* DATA FOR THIS EXERCISE:
━━━━━━━━
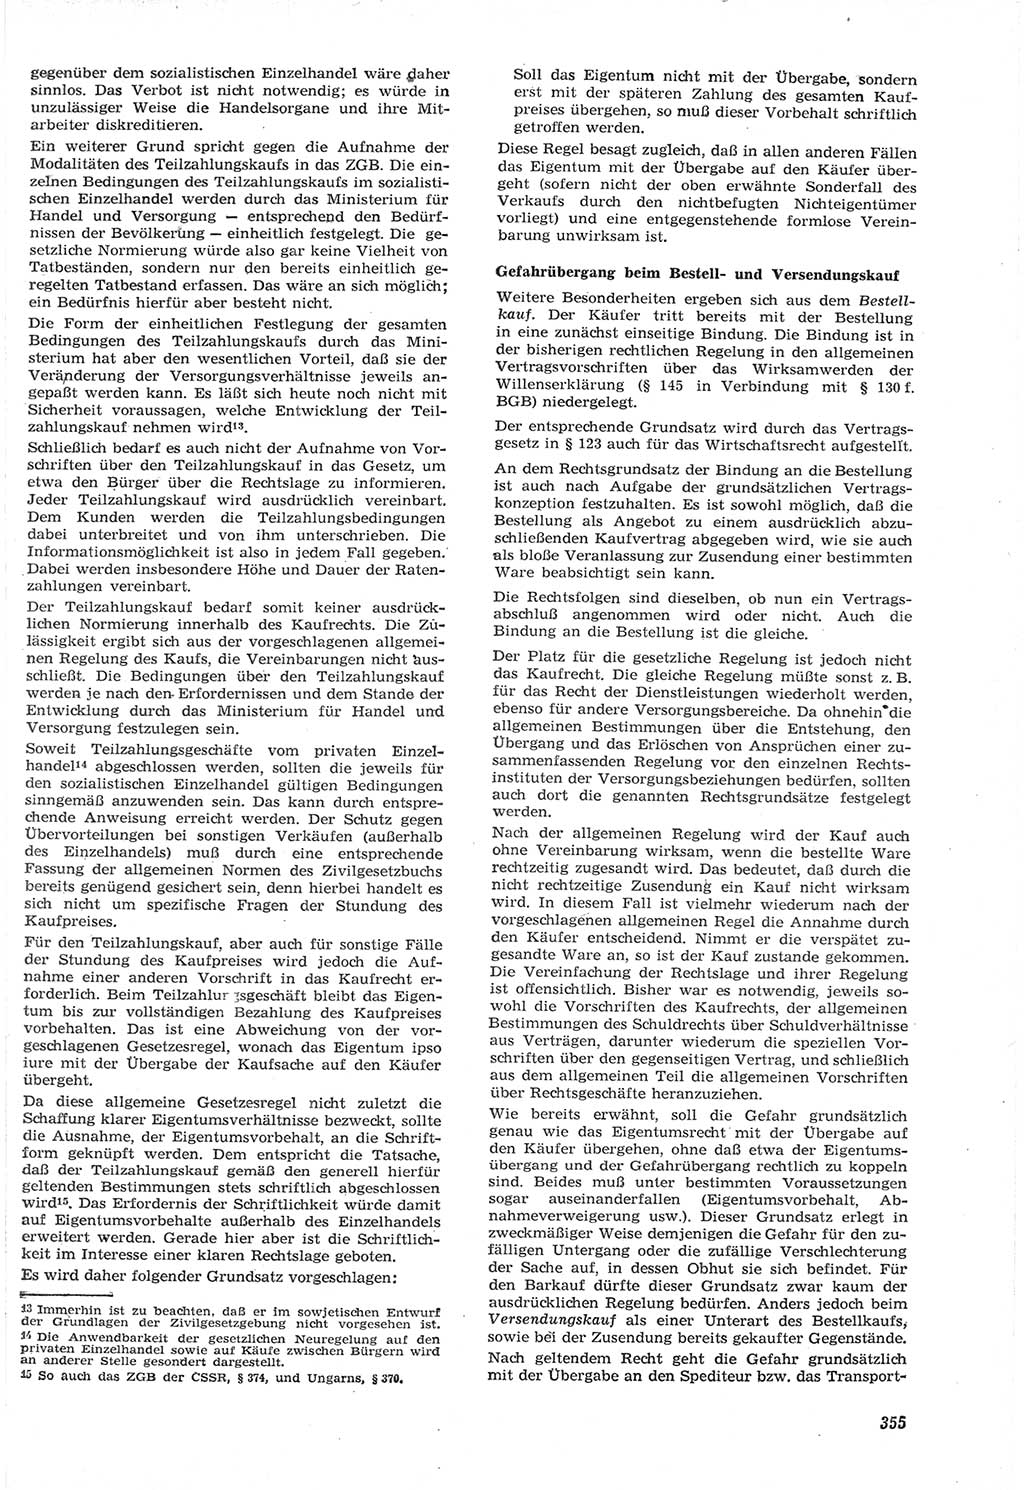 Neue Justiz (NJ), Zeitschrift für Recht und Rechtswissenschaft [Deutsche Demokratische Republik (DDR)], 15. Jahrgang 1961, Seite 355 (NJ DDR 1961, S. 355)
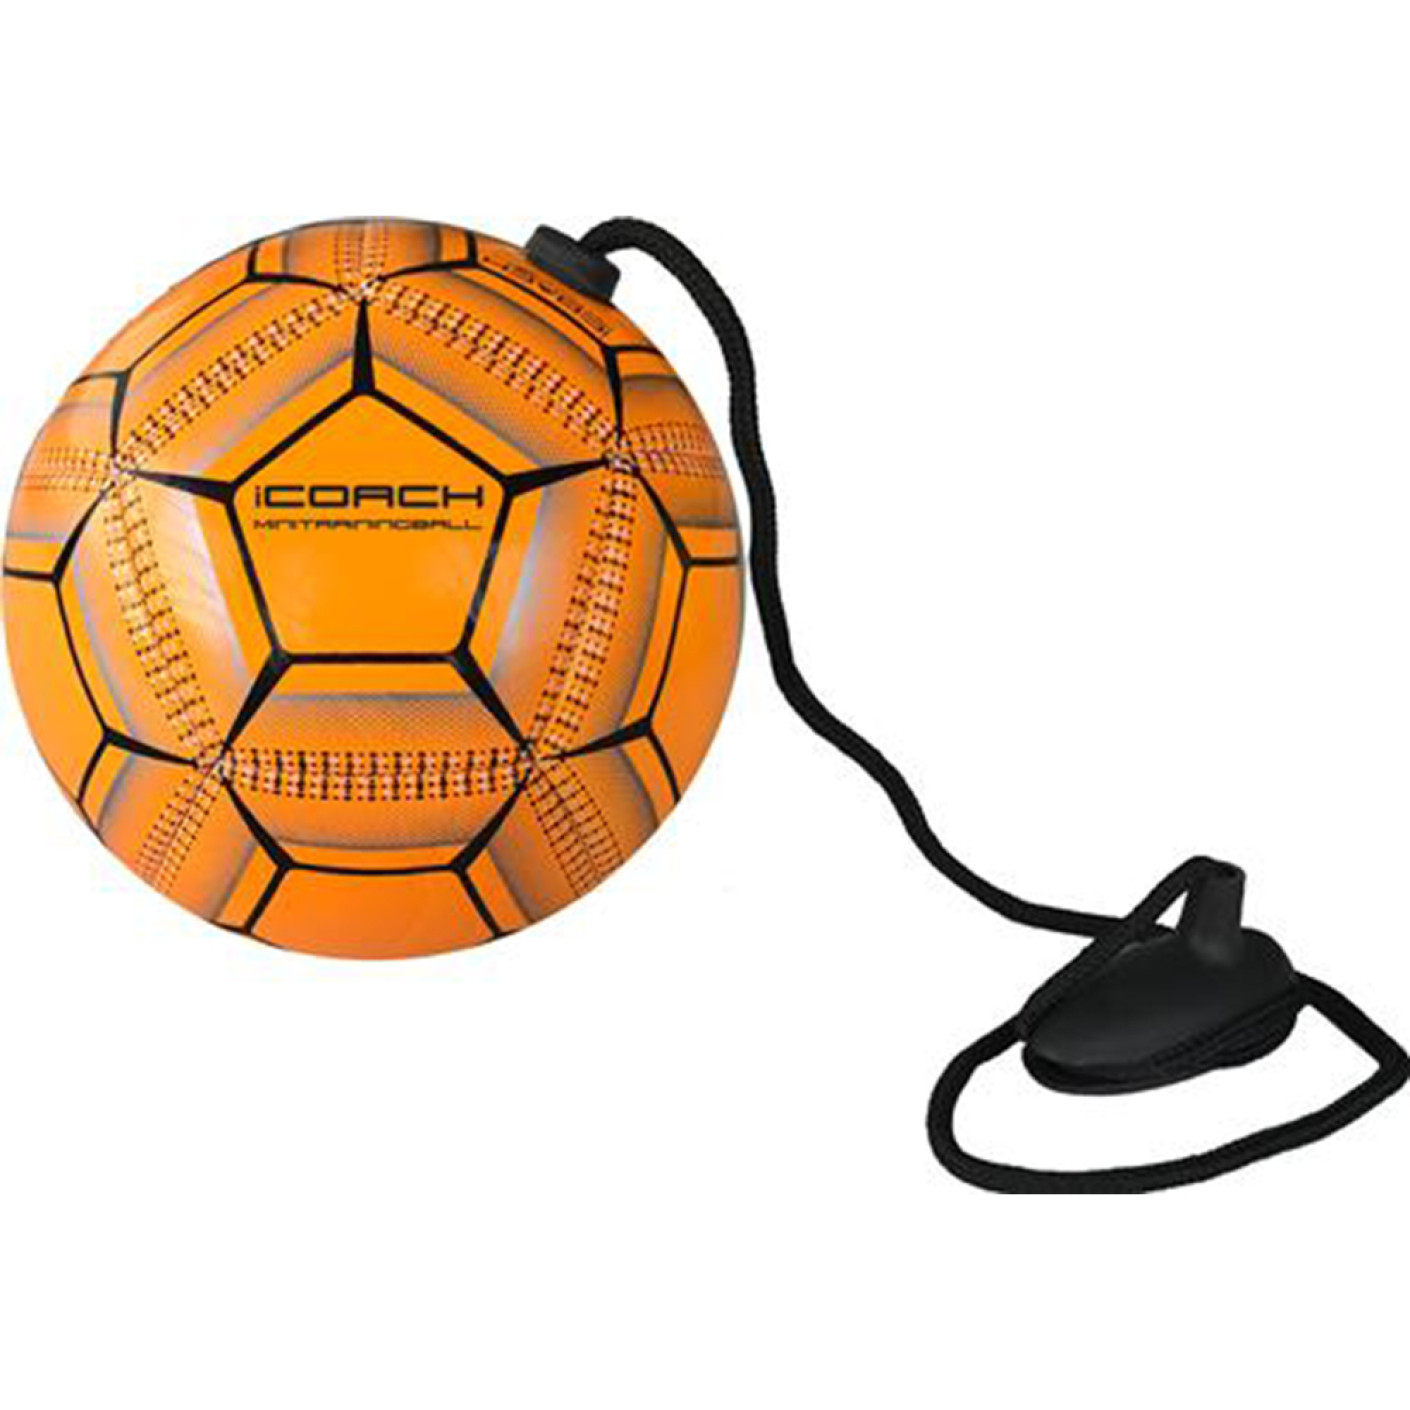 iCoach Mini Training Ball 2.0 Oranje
━━━━━━━━
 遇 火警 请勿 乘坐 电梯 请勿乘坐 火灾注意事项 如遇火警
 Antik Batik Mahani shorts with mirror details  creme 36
━━━━━━━━
* WORK TASK:
Copy word for word the lines of the records above from the one with "Neue Justiz (NJ), Zeitschrift" up to and including the one with "iCoach Mini Training Ball 2.0 Oranje". Skip the pictures.

* THE COMPLETED TASK:
 Neue Justiz (NJ), Zeitschrift für Recht und Rechtswissenschaft [Deutsche Demokratische Republik (DDR)], 15. Jahrgang 1961, Seite 355 (NJ DDR 1961, S. 355)
 iCoach Mini Training Ball 2.0 Oranje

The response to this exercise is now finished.